• **Task brief**: The entries that follow include a run beginning at the line with "GmarShops - Nike" and ending at the line with "Silent Chair: With Arm + Grass"; restate that run word for word and leave the rest out.

• **Material provided**:
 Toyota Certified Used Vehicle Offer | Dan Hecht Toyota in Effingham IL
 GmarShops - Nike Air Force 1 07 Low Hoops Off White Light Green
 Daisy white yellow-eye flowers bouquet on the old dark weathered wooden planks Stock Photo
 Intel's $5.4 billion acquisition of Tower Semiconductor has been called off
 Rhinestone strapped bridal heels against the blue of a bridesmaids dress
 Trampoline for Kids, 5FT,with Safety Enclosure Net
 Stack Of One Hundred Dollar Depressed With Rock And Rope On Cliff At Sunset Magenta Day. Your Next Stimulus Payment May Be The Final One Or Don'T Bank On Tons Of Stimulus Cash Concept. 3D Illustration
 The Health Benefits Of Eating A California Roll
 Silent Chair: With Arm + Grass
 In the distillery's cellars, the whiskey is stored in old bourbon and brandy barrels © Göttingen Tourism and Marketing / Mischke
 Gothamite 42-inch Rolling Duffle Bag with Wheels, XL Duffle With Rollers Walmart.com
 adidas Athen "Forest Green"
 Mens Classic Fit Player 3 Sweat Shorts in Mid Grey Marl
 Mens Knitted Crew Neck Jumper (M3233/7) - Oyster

• **Answer section**:
 GmarShops - Nike Air Force 1 07 Low Hoops Off White Light Green
 Daisy white yellow-eye flowers bouquet on the old dark weathered wooden planks Stock Photo
 Intel's $5.4 billion acquisition of Tower Semiconductor has been called off
 Rhinestone strapped bridal heels against the blue of a bridesmaids dress
 Trampoline for Kids, 5FT,with Safety Enclosure Net
 Stack Of One Hundred Dollar Depressed With Rock And Rope On Cliff At Sunset Magenta Day. Your Next Stimulus Payment May Be The Final One Or Don'T Bank On Tons Of Stimulus Cash Concept. 3D Illustration
 The Health Benefits Of Eating A California Roll
 Silent Chair: With Arm + Grass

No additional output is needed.